A word-for-word reproduction of the data below is needed, with no pictures in it.

Data section:
Content starts

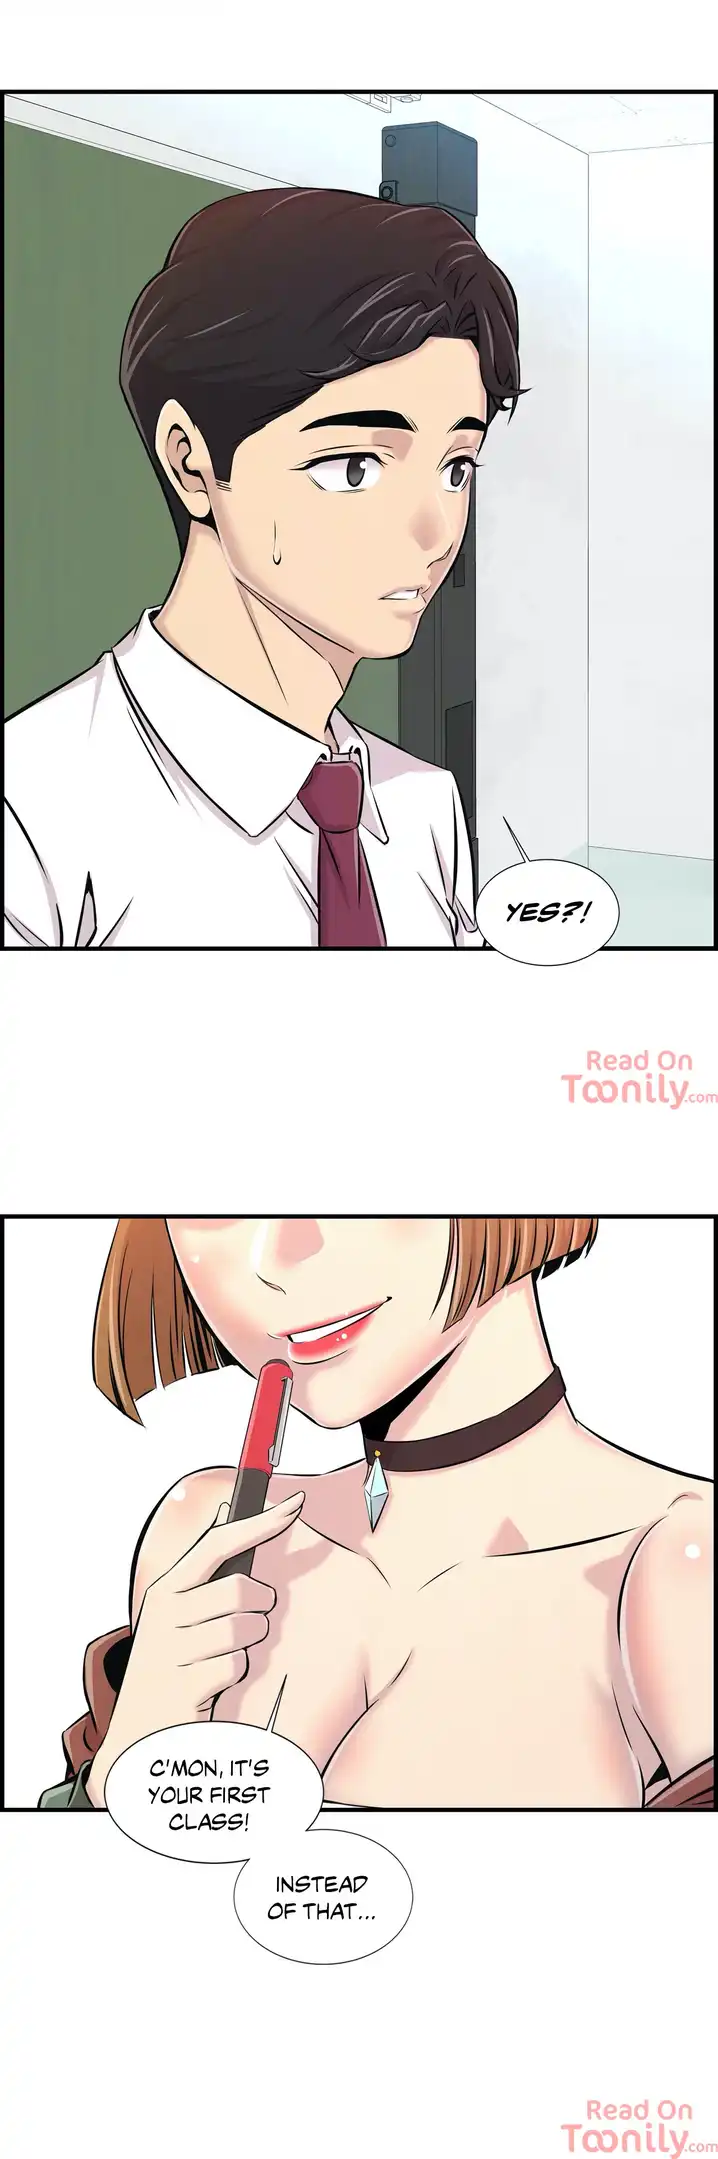 Cram School Scandal - Chapter 2 Page 2
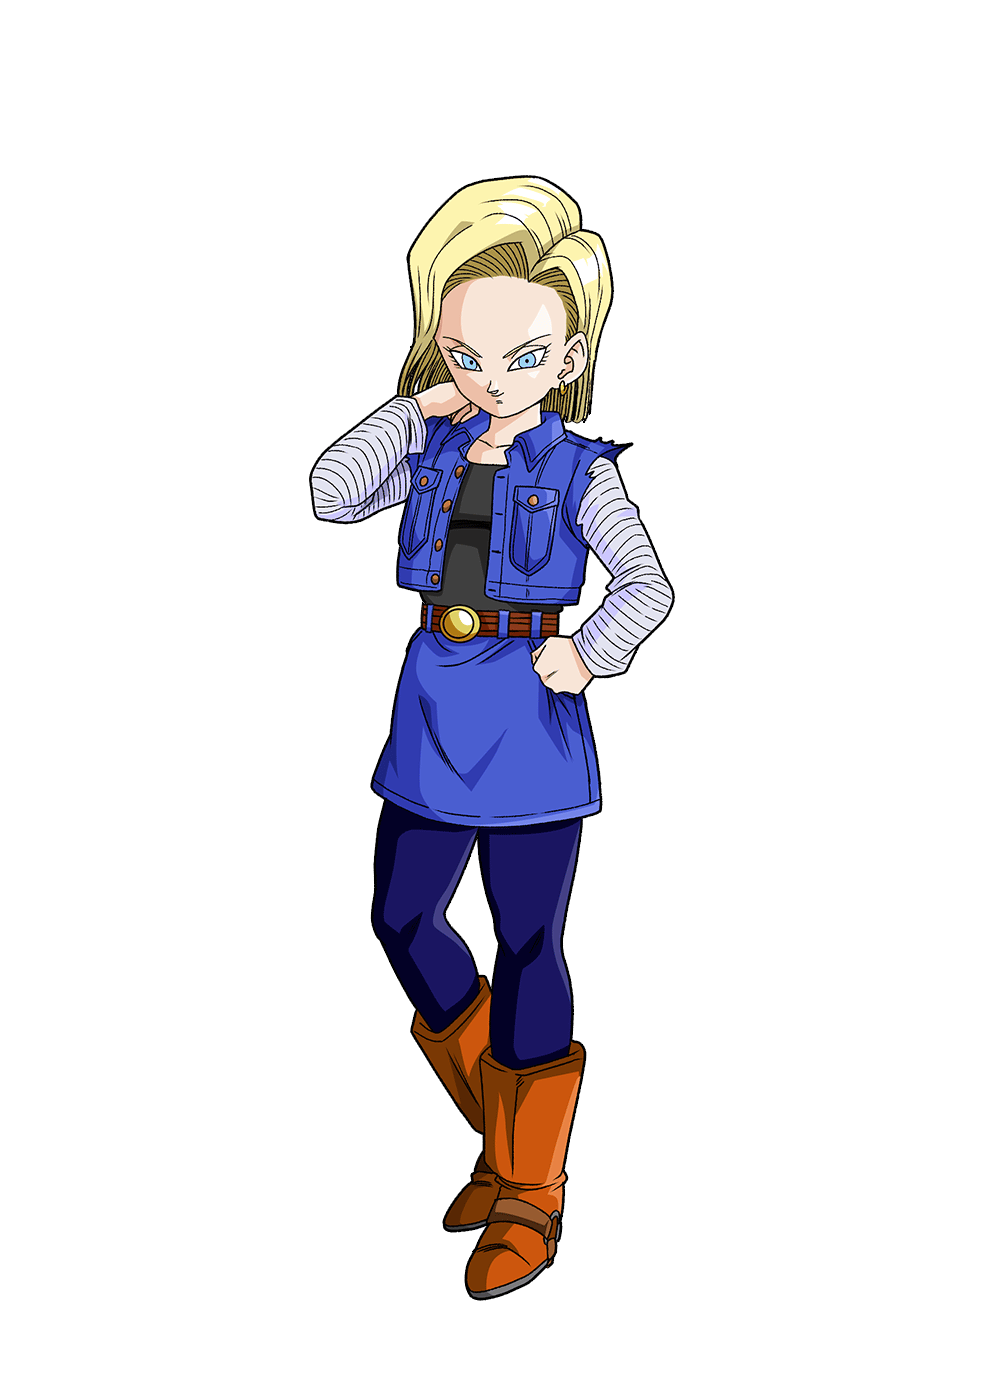 Android 19 render 4 by Maxiuchiha22 on DeviantArt
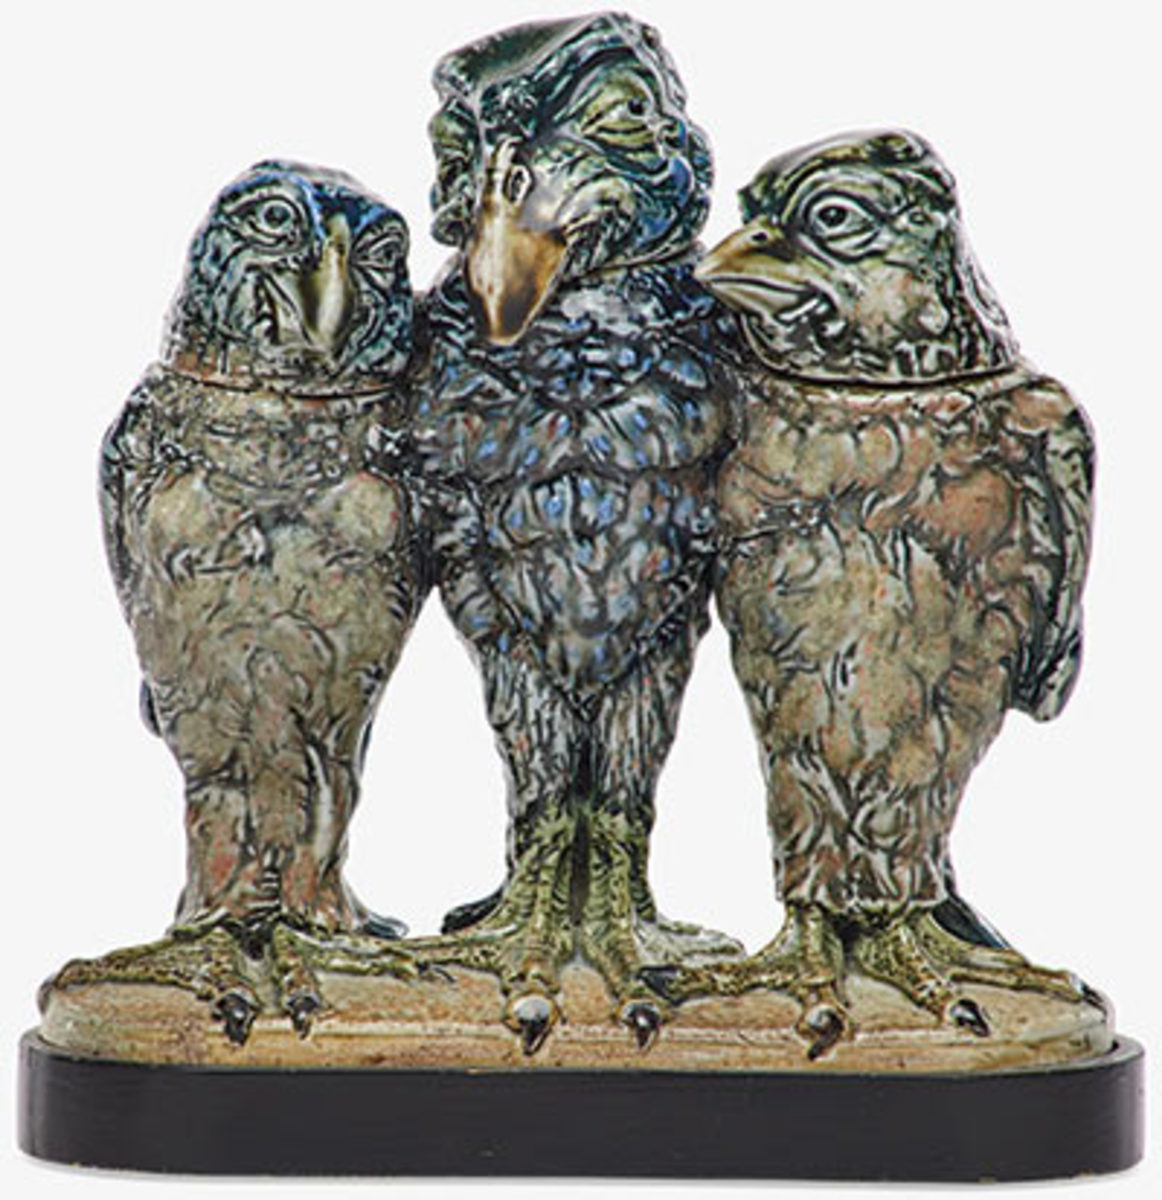  These birds even side-eye each other. The triple-bird tobacco jar sold for $52,500.
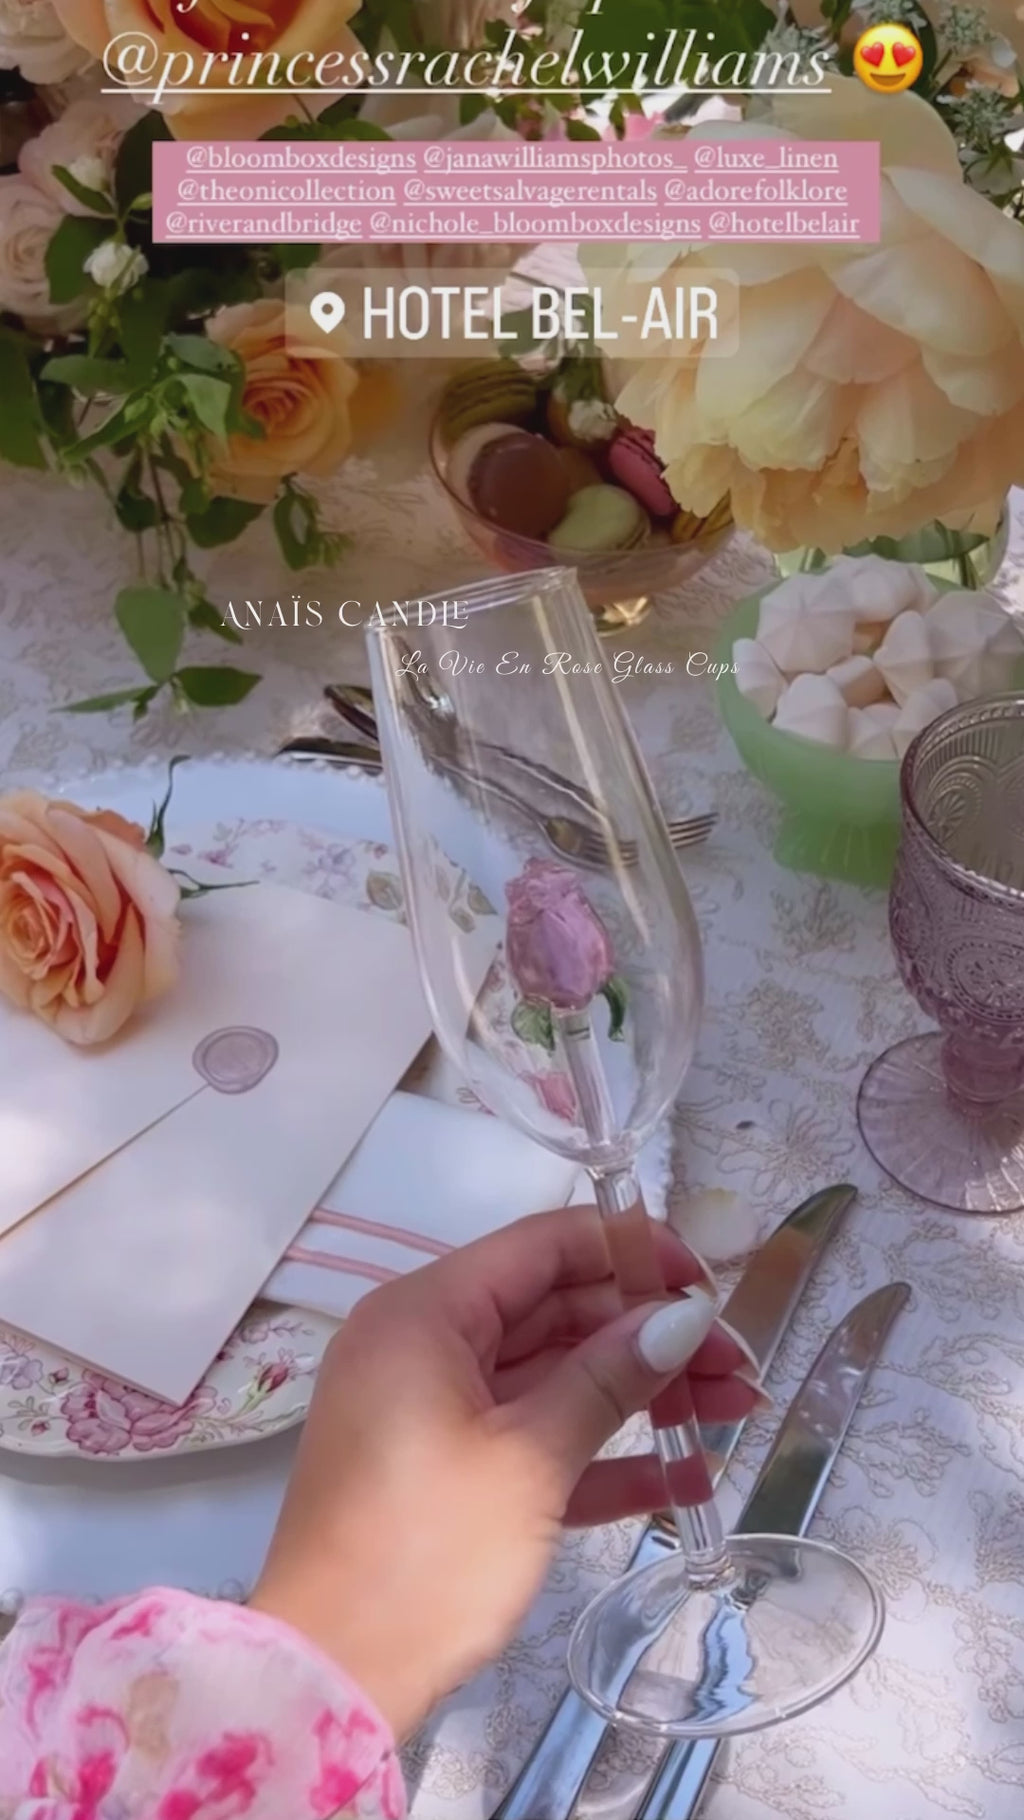 La Vie En Rose Champagne Glass Set of 2 - Handcrafted promotional video in Hotel Bel-Air.

Content ends

Solution for this problem:
 Cram School Scandal - Chapter 2 Page 2
 Android 19 render 4 by Maxiuchiha22 on DeviantArt
  These birds even side-eye each other. The triple-bird tobacco jar sold for $52,500.
 La Vie En Rose Champagne Glass Set of 2 - Handcrafted promotional video in Hotel Bel-Air.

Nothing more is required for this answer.